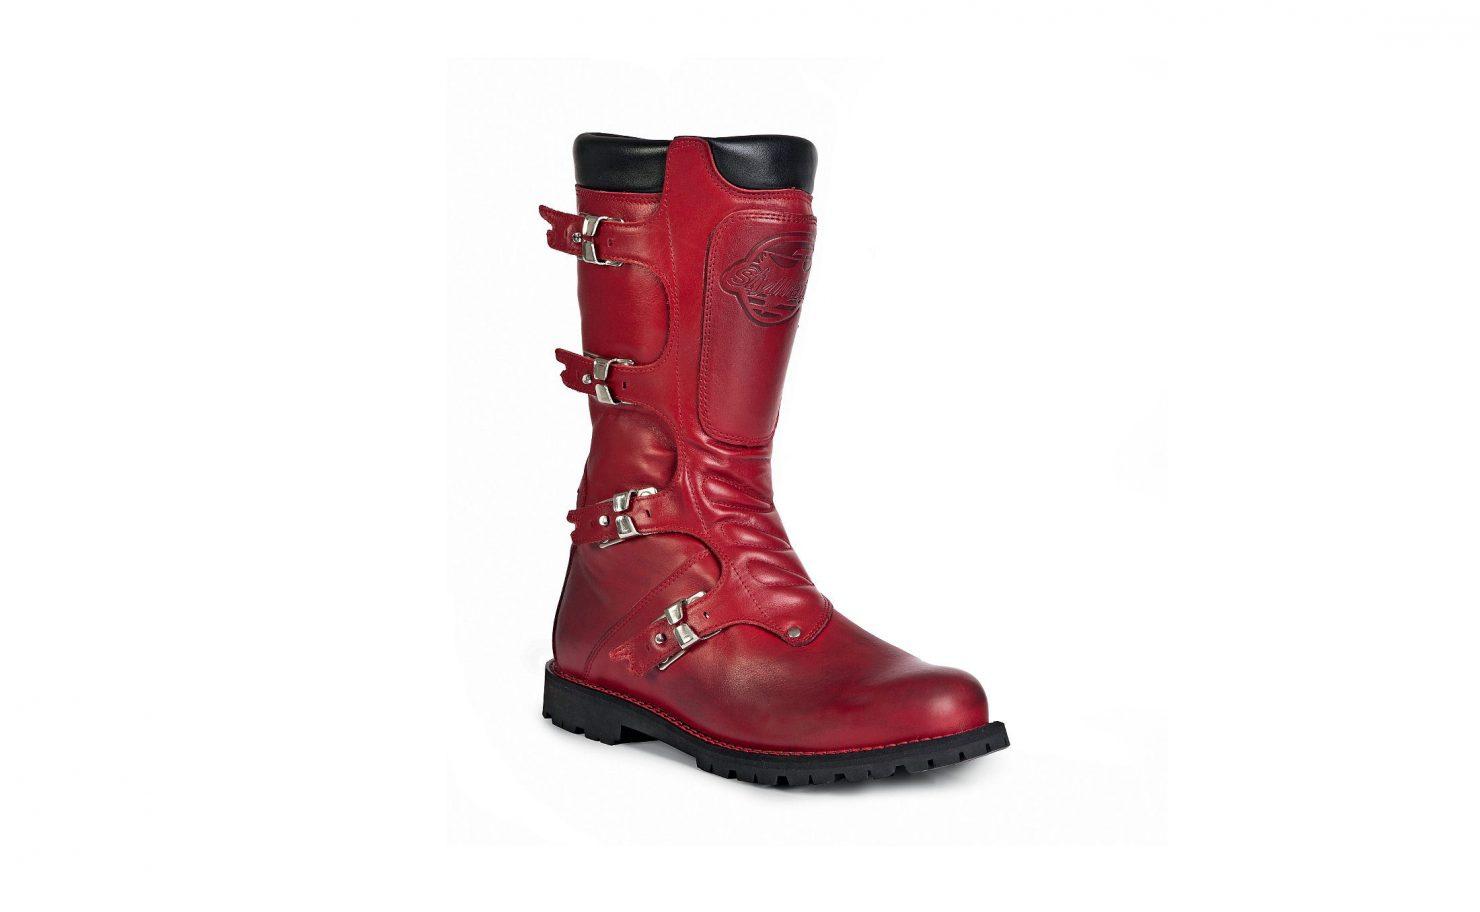 Stylmartin Continental Boots
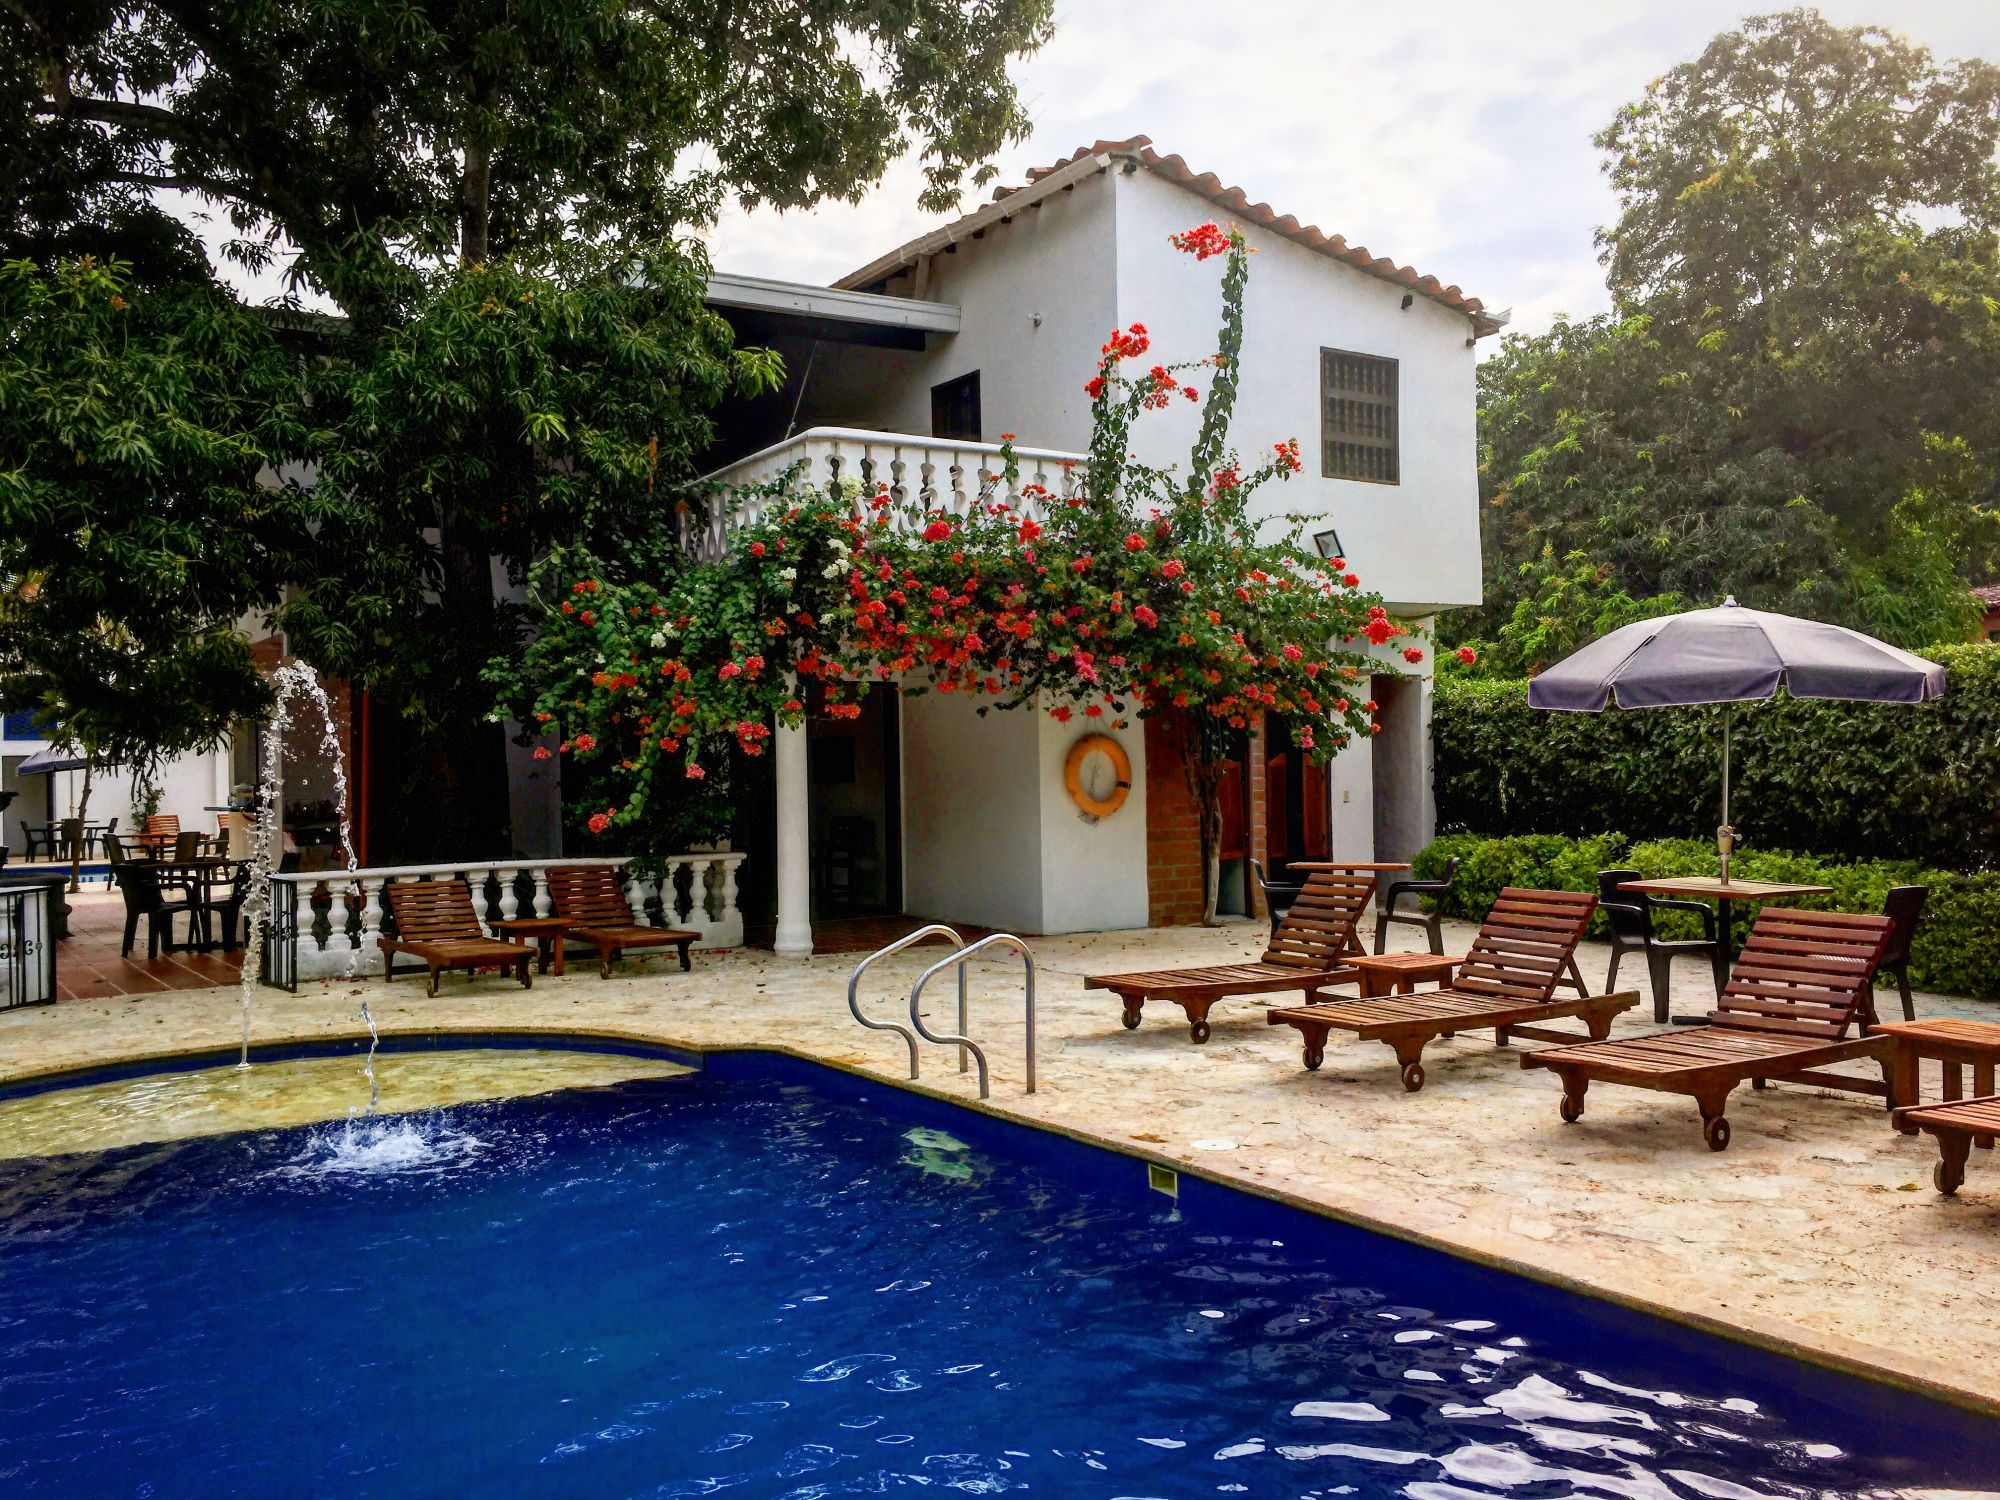 Property rentals in Santa Fe de Antioquia
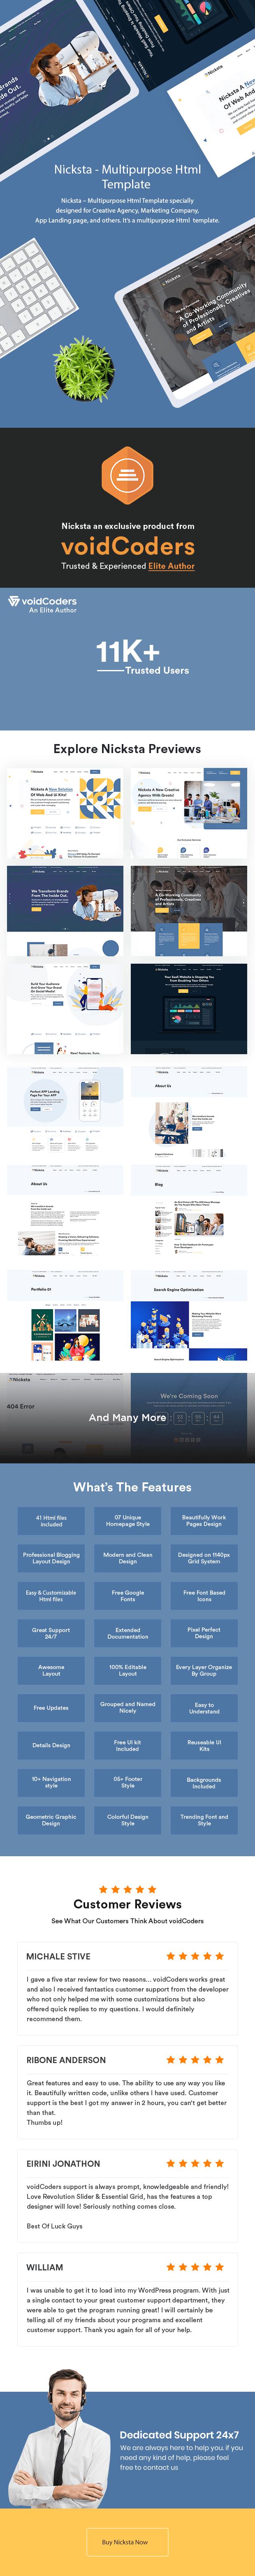 Nicksta - Multipurpose HTML5 Template - 1

Work instructions -> Exclude all images and return the listing word for word.

Answer to this problem ->
 Stylmartin Continental Boots
 Property rentals in Santa Fe de Antioquia
 Nicksta - Multipurpose HTML5 Template - 1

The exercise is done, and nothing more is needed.